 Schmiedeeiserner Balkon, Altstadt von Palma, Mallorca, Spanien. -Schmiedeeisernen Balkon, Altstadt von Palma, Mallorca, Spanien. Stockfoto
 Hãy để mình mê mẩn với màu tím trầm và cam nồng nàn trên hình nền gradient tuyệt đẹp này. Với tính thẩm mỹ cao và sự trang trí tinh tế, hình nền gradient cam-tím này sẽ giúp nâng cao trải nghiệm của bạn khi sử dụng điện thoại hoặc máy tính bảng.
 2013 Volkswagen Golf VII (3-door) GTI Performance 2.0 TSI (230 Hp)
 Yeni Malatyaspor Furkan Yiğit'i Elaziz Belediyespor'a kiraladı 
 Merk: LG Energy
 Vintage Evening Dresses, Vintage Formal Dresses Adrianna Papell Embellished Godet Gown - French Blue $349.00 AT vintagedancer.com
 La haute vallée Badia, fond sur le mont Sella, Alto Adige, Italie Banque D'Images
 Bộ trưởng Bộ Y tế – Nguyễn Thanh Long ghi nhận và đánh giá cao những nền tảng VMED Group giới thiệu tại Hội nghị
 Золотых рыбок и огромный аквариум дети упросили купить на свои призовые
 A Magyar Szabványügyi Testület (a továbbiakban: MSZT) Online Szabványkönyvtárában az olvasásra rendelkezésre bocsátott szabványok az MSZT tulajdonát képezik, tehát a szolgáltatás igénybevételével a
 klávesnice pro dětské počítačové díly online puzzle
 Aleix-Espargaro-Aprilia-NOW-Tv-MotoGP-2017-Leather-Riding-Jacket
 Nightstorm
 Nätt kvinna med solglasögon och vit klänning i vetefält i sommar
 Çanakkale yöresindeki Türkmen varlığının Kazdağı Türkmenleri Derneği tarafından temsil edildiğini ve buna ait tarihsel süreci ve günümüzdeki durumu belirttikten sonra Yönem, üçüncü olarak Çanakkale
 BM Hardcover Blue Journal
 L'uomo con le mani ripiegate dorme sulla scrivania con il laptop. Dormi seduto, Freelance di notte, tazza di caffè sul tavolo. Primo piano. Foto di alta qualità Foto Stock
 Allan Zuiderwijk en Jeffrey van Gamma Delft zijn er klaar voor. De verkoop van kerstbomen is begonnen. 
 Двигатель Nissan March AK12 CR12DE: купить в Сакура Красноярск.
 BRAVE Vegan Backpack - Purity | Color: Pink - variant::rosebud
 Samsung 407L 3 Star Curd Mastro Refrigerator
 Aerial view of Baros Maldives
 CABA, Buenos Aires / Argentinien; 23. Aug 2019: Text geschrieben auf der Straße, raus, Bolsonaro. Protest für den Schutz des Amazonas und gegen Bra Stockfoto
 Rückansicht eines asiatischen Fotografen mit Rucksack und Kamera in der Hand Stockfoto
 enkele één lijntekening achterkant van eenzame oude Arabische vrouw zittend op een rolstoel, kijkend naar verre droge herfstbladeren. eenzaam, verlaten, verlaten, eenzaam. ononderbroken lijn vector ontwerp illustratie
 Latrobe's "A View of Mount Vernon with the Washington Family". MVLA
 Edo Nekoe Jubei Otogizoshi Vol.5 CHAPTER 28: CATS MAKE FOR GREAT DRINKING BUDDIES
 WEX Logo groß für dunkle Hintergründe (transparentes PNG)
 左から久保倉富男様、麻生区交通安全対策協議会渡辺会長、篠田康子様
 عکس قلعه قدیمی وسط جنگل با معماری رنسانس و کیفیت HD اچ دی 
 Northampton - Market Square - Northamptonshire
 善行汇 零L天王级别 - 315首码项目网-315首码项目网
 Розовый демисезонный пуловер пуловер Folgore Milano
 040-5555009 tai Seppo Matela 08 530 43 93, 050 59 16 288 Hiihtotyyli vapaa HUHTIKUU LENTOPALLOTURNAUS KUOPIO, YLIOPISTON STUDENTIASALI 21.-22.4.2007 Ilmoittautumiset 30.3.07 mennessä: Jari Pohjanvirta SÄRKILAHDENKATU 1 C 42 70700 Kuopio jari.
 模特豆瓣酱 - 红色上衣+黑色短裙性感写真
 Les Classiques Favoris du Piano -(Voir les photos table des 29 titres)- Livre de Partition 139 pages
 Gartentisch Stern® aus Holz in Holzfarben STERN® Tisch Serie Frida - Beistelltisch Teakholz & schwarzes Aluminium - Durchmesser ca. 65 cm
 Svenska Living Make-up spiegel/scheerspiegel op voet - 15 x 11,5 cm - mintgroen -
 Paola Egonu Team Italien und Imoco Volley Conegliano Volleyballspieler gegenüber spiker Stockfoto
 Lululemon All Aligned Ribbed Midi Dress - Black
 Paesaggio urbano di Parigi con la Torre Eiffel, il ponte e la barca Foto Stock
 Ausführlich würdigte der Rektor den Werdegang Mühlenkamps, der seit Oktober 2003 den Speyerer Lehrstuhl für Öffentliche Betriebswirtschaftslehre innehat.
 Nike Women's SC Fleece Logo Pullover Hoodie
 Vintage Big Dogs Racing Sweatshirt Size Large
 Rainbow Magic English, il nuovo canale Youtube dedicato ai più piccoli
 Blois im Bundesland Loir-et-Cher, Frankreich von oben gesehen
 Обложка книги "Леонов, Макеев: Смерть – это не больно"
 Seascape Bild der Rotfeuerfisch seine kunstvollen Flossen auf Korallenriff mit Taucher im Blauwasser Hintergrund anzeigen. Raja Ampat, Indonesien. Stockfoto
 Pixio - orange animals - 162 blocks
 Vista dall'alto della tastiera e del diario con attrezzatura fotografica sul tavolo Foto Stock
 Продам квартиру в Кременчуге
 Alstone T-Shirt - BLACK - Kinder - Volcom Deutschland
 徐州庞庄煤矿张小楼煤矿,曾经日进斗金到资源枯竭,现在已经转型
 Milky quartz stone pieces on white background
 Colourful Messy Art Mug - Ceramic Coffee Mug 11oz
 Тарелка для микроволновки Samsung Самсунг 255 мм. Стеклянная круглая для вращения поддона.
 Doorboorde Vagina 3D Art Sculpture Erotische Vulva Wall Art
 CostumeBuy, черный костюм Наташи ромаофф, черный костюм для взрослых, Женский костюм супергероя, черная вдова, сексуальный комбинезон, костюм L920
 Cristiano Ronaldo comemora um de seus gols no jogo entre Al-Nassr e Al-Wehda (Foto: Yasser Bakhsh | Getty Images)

What you have to do:
Taking the lines above, repeat exactly those from the line that contains "Vintage Evening Dresses, Vintage" through the line that contains "Bộ trưởng Bộ", and both of those lines as well. Include nothing else.

Written solution:
 Vintage Evening Dresses, Vintage Formal Dresses Adrianna Papell Embellished Godet Gown - French Blue $349.00 AT vintagedancer.com
 La haute vallée Badia, fond sur le mont Sella, Alto Adige, Italie Banque D'Images
 Bộ trưởng Bộ Y tế – Nguyễn Thanh Long ghi nhận và đánh giá cao những nền tảng VMED Group giới thiệu tại Hội nghị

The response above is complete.